Since so many people are replying to you with derision, I’ll link to the Washington Post database on police shootings which is considered to be pretty comprehensive and has a lot of work put into each case to determine the situation around it.
A lot of people are surprised to learn that the number of unarmed black men shot by police in recent years is often between 15-20 given the rhetoric around the issue.
The number is disproportionally higher than white men, but Roland Fryer’s research suggests that when taking into account context, such as crime rates, there is no statistical difference in police shootings based on race, though he did find a persistent difference in other types of police encounters.
Black Americans are disproportionately poor, disproportionately raised in single parent homes, disproportionately forced into poorly run schools, and disproportionately victimized by crime. Those issues are difficult to address and should all get a lot of attention because they are the context in which disproportionate encounters with police occur. While police reform is an important issue for everyone, the overheated rhetoric around racist cops is performative and distracting.
It's quite hard to come up with reliable statistics for police killings in the US. It's not that deaths aren't counted, it's that they're misclassified.
> Feldman used data from the Guardian’s 2015 investigation into police killings, The Counted, and compared it with data from the National Vital Statistics System (NVSS). That dataset, which is kept by the Centers for Disease Control and Prevention (CDC), was found to have misclassified 55.2% of all police killings, with the errors occurring disproportionately in low-income jurisdictions.
Seems hard to make an argument either for or against racial disparities in police shootings then, if the data is unreliable. In which case the answer is to not make assumptions, but collect better data.
A lot of people seem to take the approach of: the data's good if it says what I want; if it doesn't, it's probably wrong.
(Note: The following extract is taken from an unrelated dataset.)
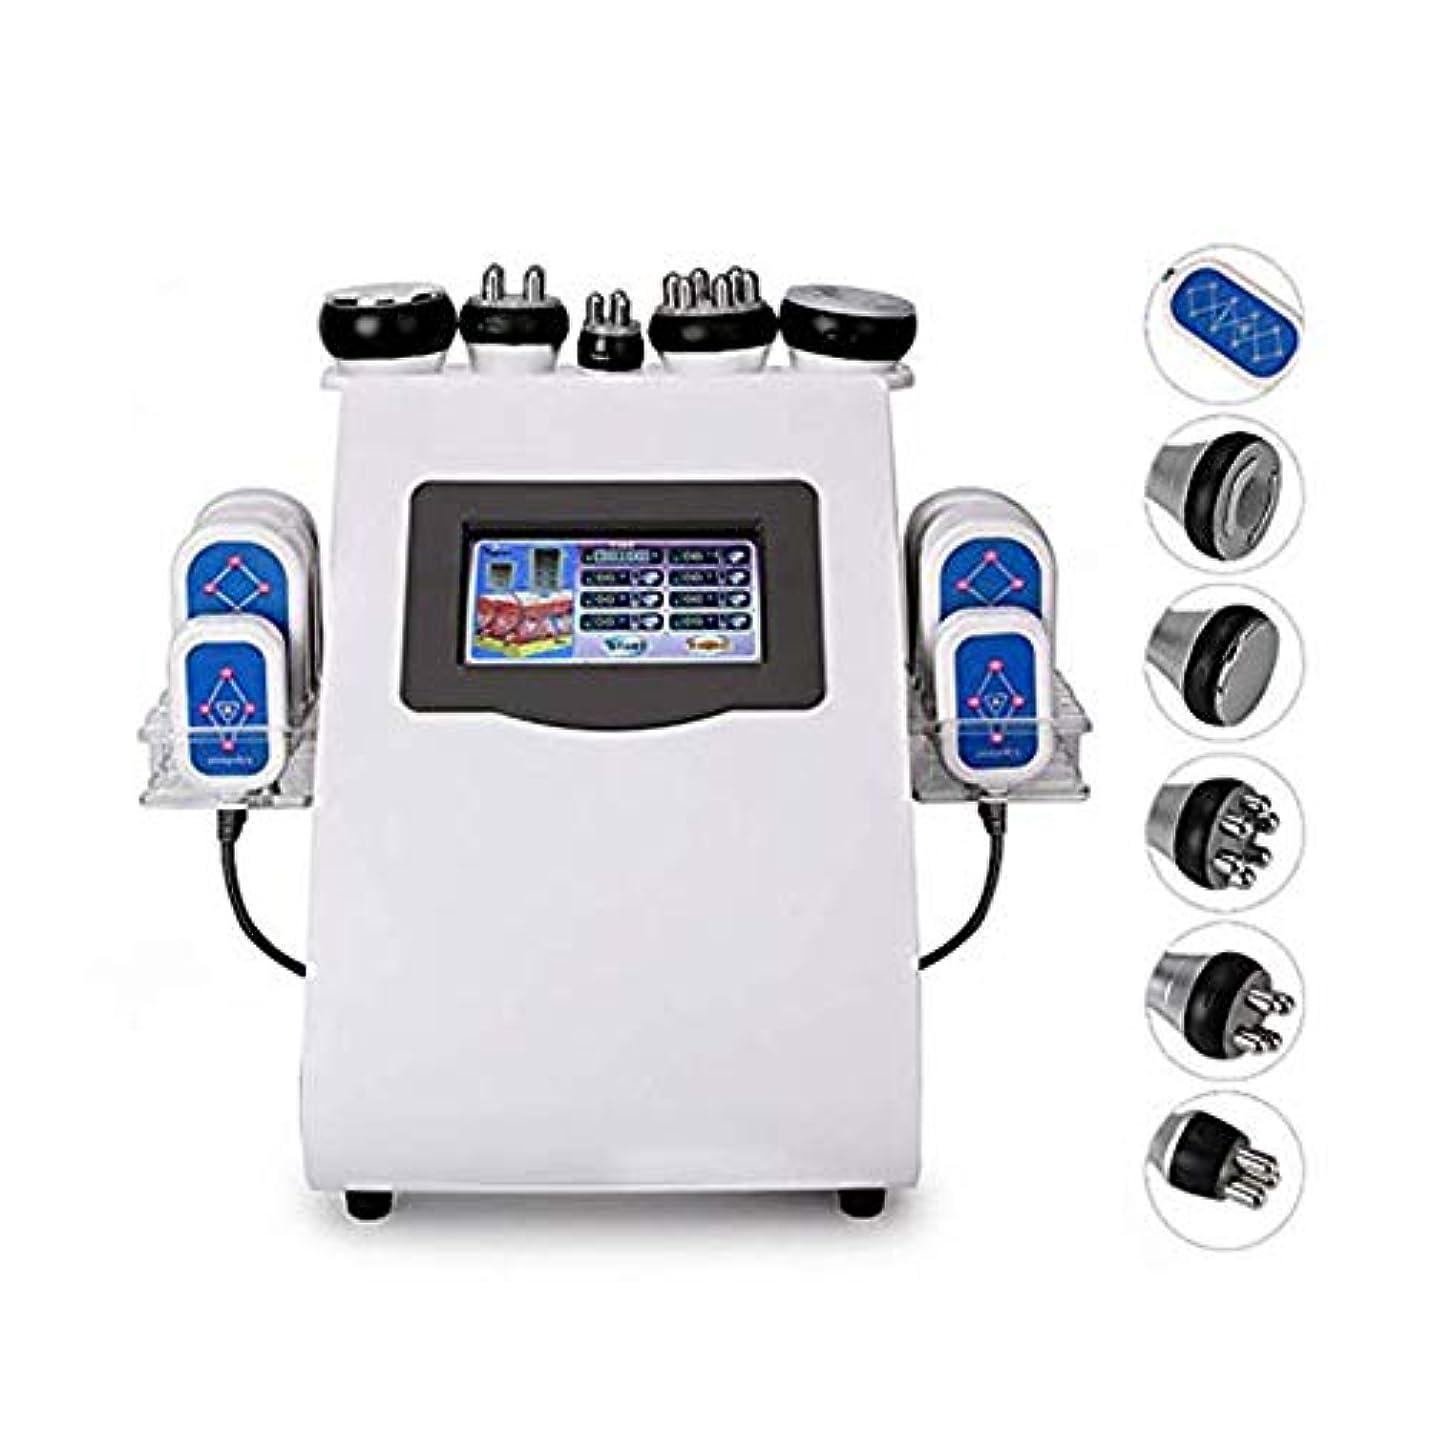 立法反応する道徳教育超音波キャビテーション抗セルライトネガティブボディ痩身マシン、脂肪燃焼と無線周波数アンチエイジングスキンリフティング引き締めしわ美容機器の除去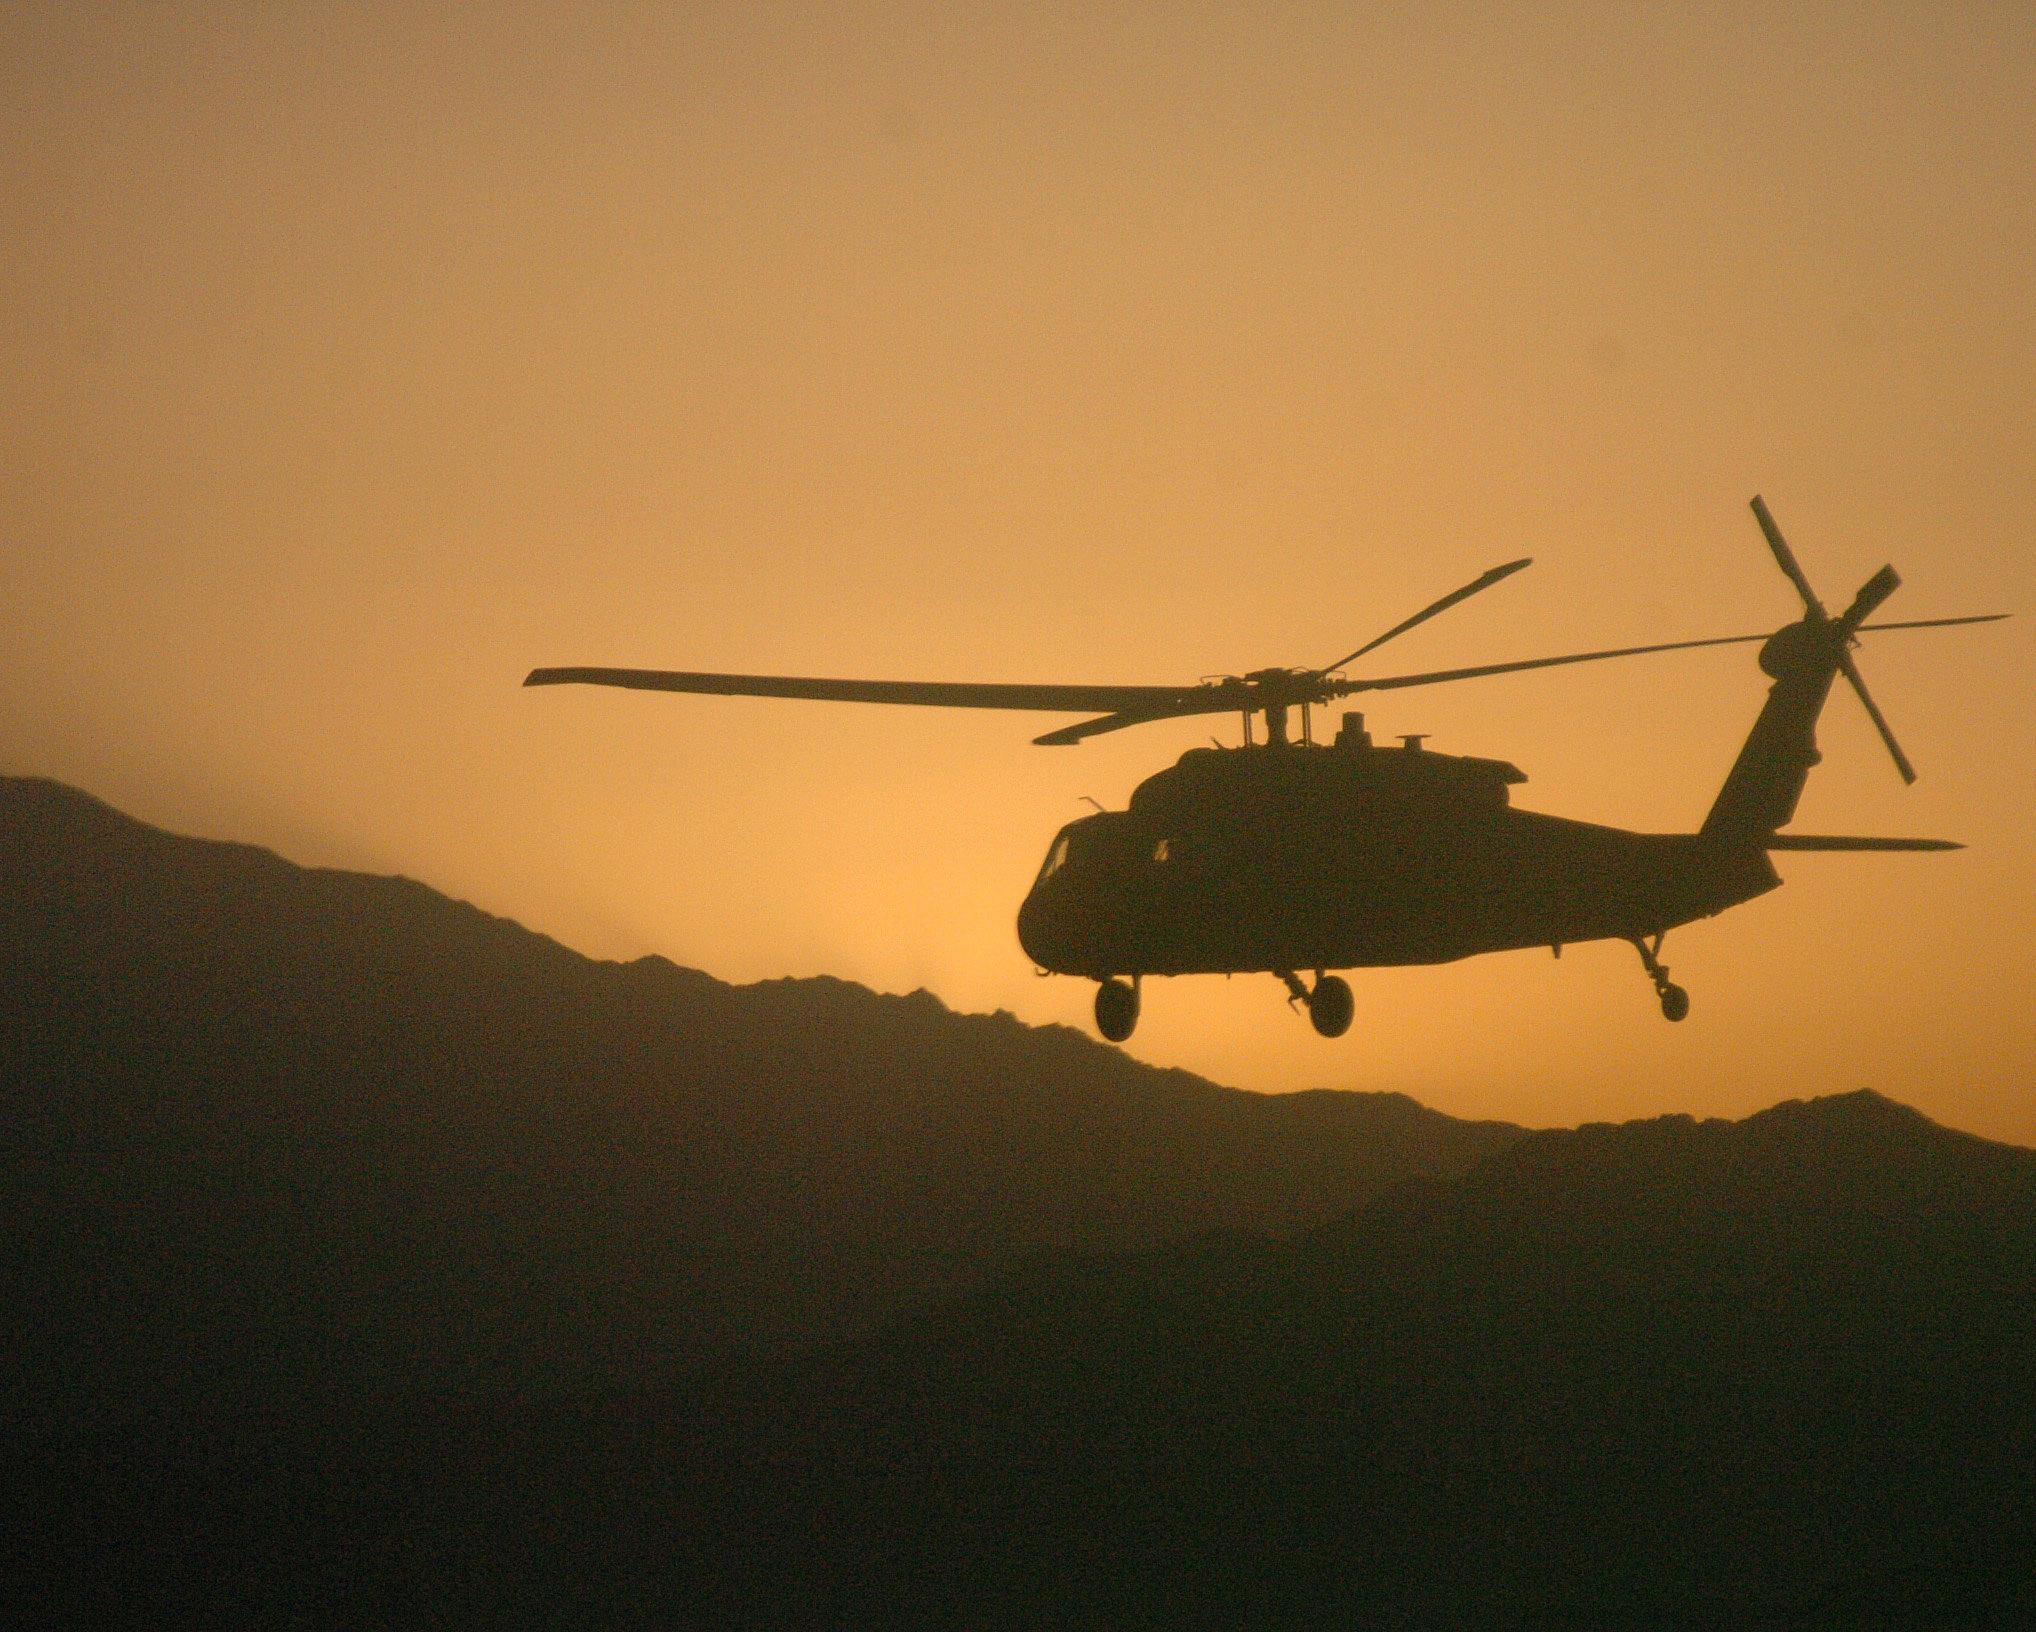 каждый картинка афганский вертолет утонченный

Hard doesn't mean impossible. There's been a lot of good reporting on this in the last half-decade. But it's required sustained effort from journalists, and insofar as statistics are getting better, it's not because the US has become more first-worldier than it was.
I'm very open to specific critiques of specific statistics. Data collection and aggregation are hard problems!
General claims that the statistics are wrong (all of them?) don't seem particularly helpful, especially if the implication is that we should follow anecdotes or preconceived ideas instead of statistics.